Question

Consider the given polynomial P(x)=30 29x - 7x^2+5x^3 + x* .4 List all possible rational roots, and factor the given polynomial

Answer 1

x=2, x=1, x=-5 and x=-3.

Explanation:

Let's find the answer using the following method.

Original equation:

`30 -29x - 7x^2+5x^3 + x^4=0`

Notice that the constant term is 30, which can be divided by:

1, -1, 2, -2, 3, -3, 5, -5, 6, -6, 10, -10, 15, -15, 30, -30.

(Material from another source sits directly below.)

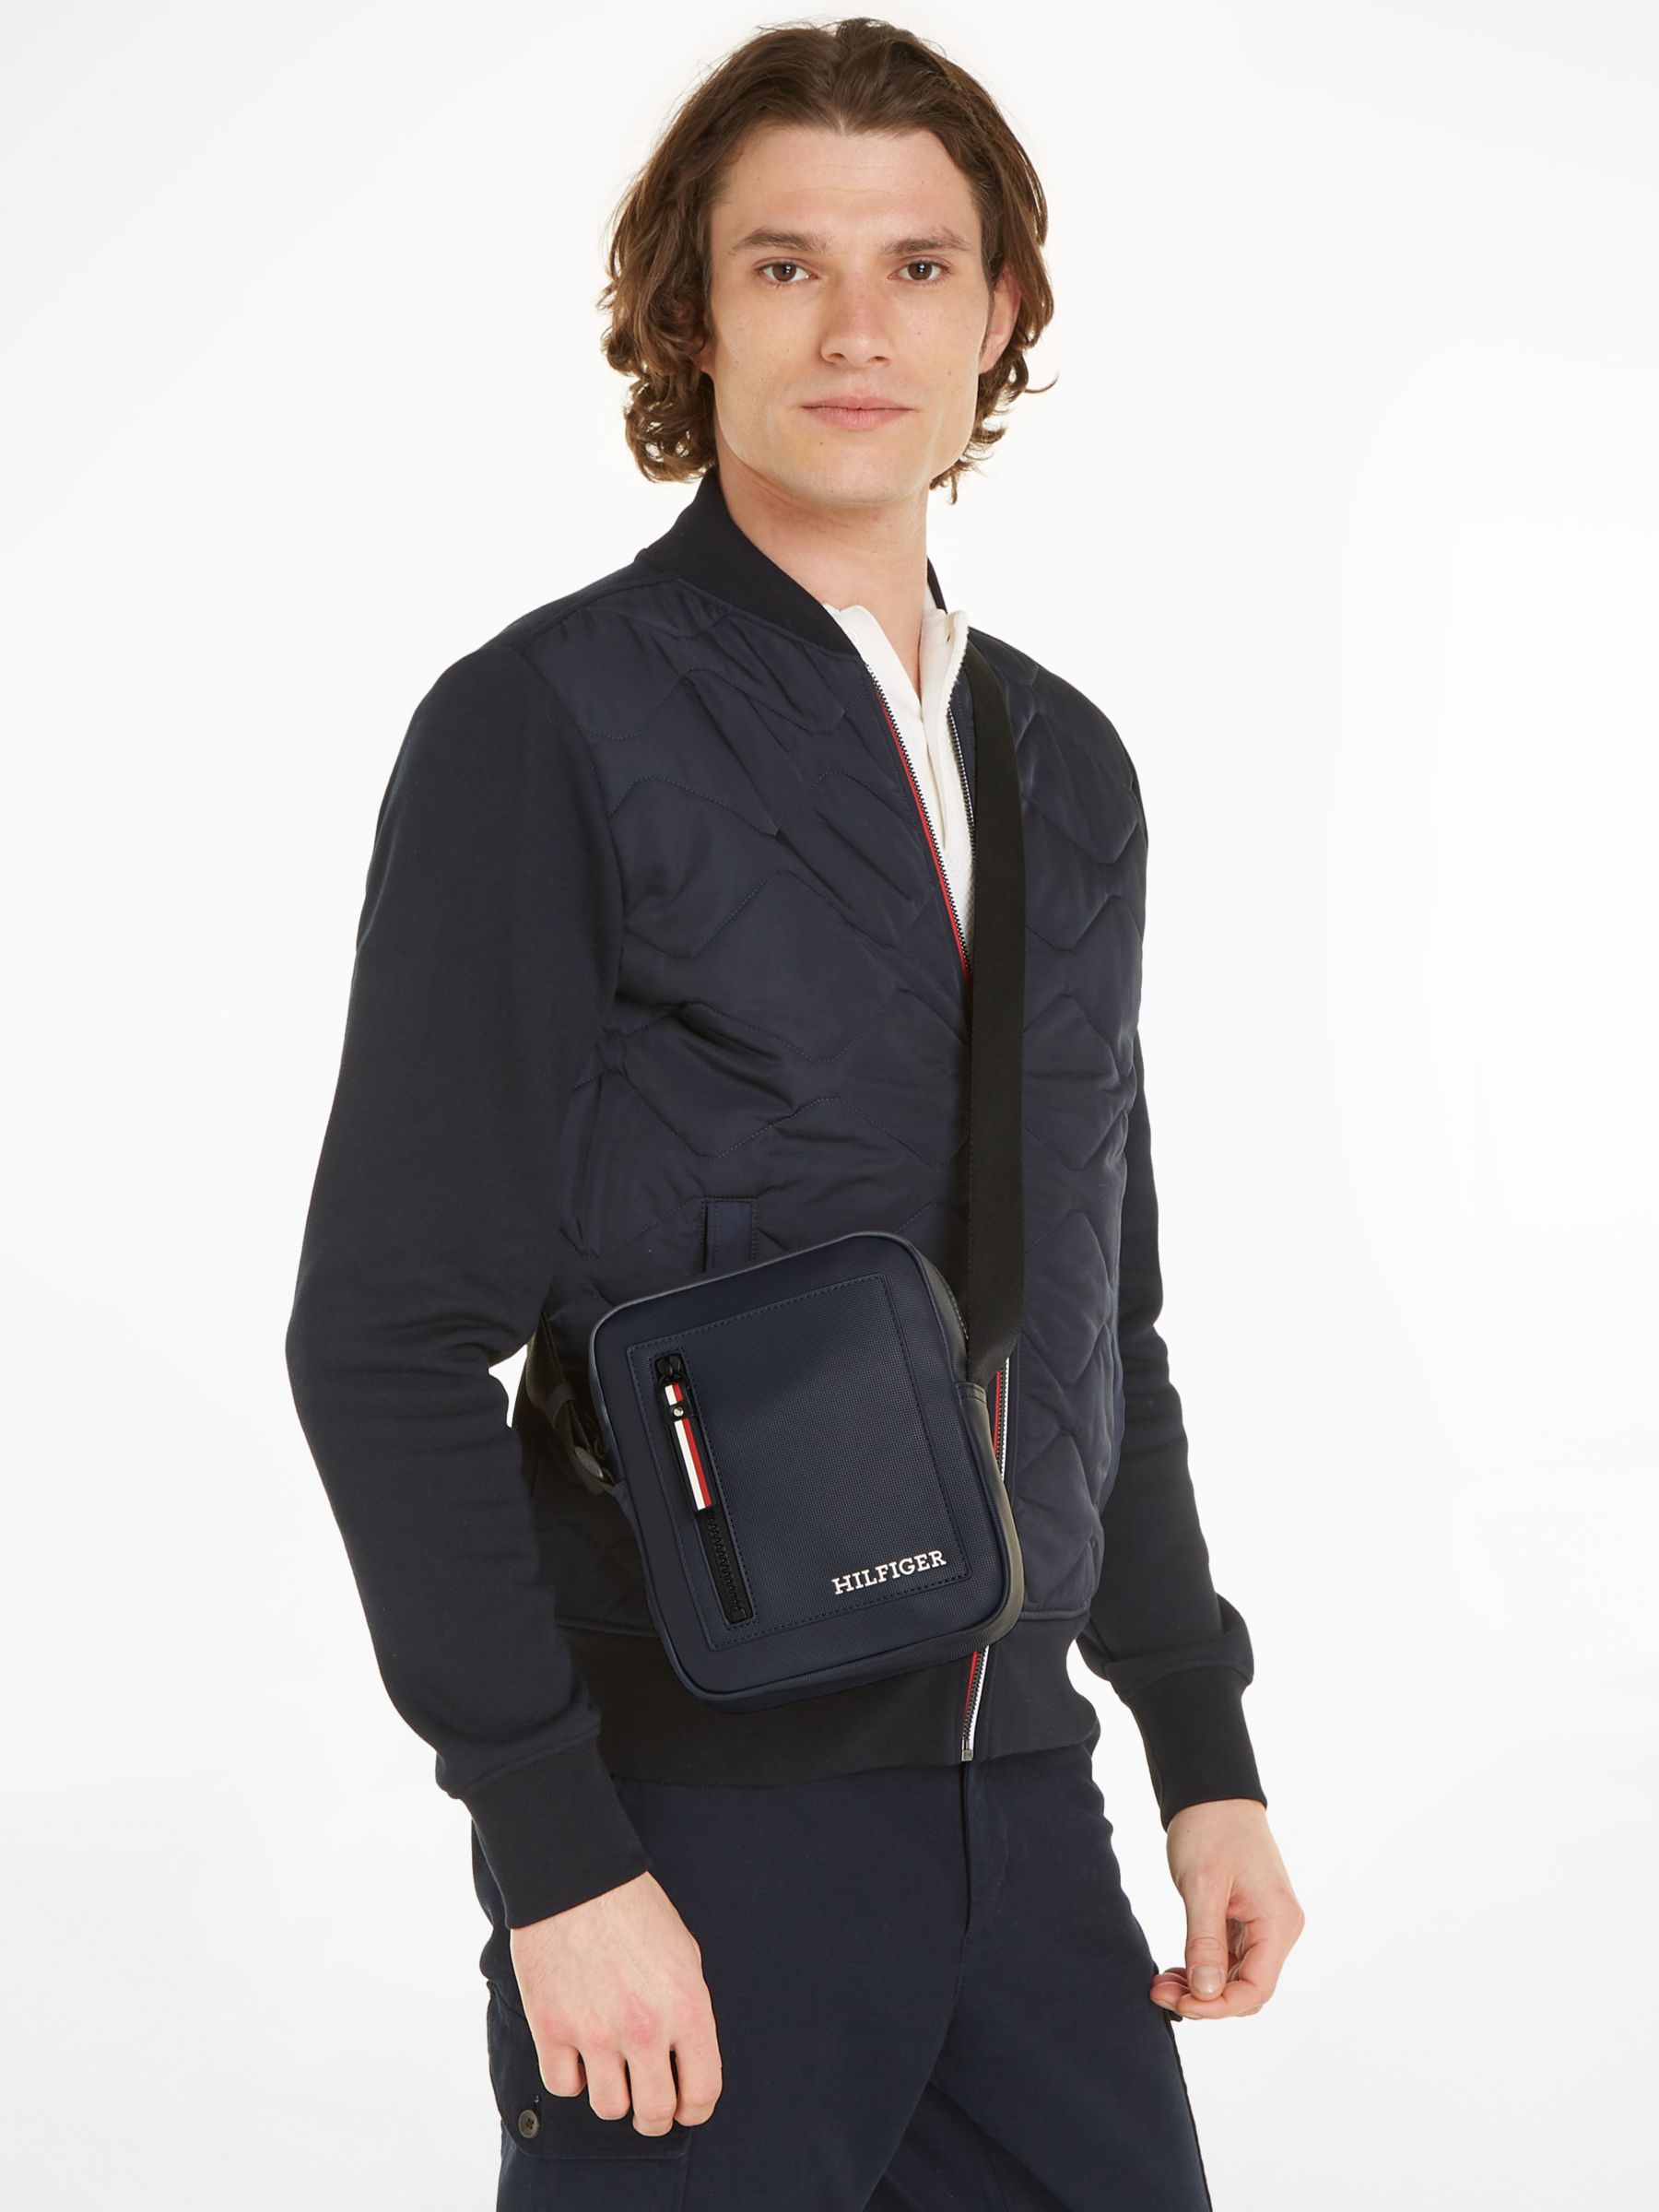 Tommy Hilfiger Pique Mini Cross Body Bag, Blue, One Size

Trying this divisors can allowed us to find one or even two initial roots, so:

Trying first x=1, we have:

`30 -29x - 7x^2+5x^3 + x^4=0`

`30 -29*(1) - 7*(1)^2+5*(1)^3 + (1)^4=0`

`30 -29 - 7+5 + 1=0`

`0=0` notice that x=1 is a root.

Let's try now with x=2, we have:

`30 -29x - 7x^2+5x^3 + x^4=0`

`30 -29*(2) - 7*(2)^2+5*(2)^3 + (2)^4=0`

`30 -58 - 28+40 + 16=0`

`0=0` notice that x=2 is also a root.

So the original equation can be written as:

`30 -29x - 7x^2+5x^3 + x^4=(x-2)*(x-1)*p(x)` so:

`(30 -29x - 7x^2+5x^3 + x^4)/((x-2)*(x-1))=p(x)`

`(30 -29x - 7x^2+5x^3 + x^4)/(x^2 - 3 x + 2)=p(x)`

Doing the math, we have:

`(30 -29x - 7x^2+5x^3 + x^4)-(x^2)*(x^2 - 3 x + 2)=`

`(30 -29x - 7x^2+5x^3 + x^4)-(x^4 - 3 x^3 + 2x^2)=`

`(30 -29x - 9x^2+8x^3)` now:

`(30 -29x - 9x^2+8x^3)-(8x)*(x^2 - 3 x + 2)=`

`(30 -29x - 9x^2+8x^3)-(8x^3 - 24 x^2 + 16x)=`

`(30 -45x +15x^2)` now:

`(30 -45x +15x^2)-(15)*(x^2 - 3 x + 2)=`

`(30 -45x +15x^2)-(15x^2 - 45 x + 30)=0`

which means:

`(30 -29x - 7x^2+5x^3 + x^4)/((x-2)*(x-1))=p(x)`

`(30 -29x - 7x^2+5x^3 + x^4)/((x-2)*(x-1))=(x^2+8x+15)`

Using the equation for calculating the roots of a quadratic equation we have:

quadratic equation:
`x^2+8x+15`

`x=(-b\±√(b^2-4ac) )/(2a)`

`x=(-8\±√((8)^2-(4*1*15)) )/(2*1)`

`x=(-8\±√((8)^2-(4*1*15)) )/(2*1)`

`x=(-8\±\2)/(2)`

`x1=-5`

`x2=-3`

So finally we have:

`30 -29x - 7x^2+5x^3 + x^4=(x-2)*(x-1)*(x+5)*(x+3)`

In conclusion the roots are: x=2, x=1, x=-5 and x=-3.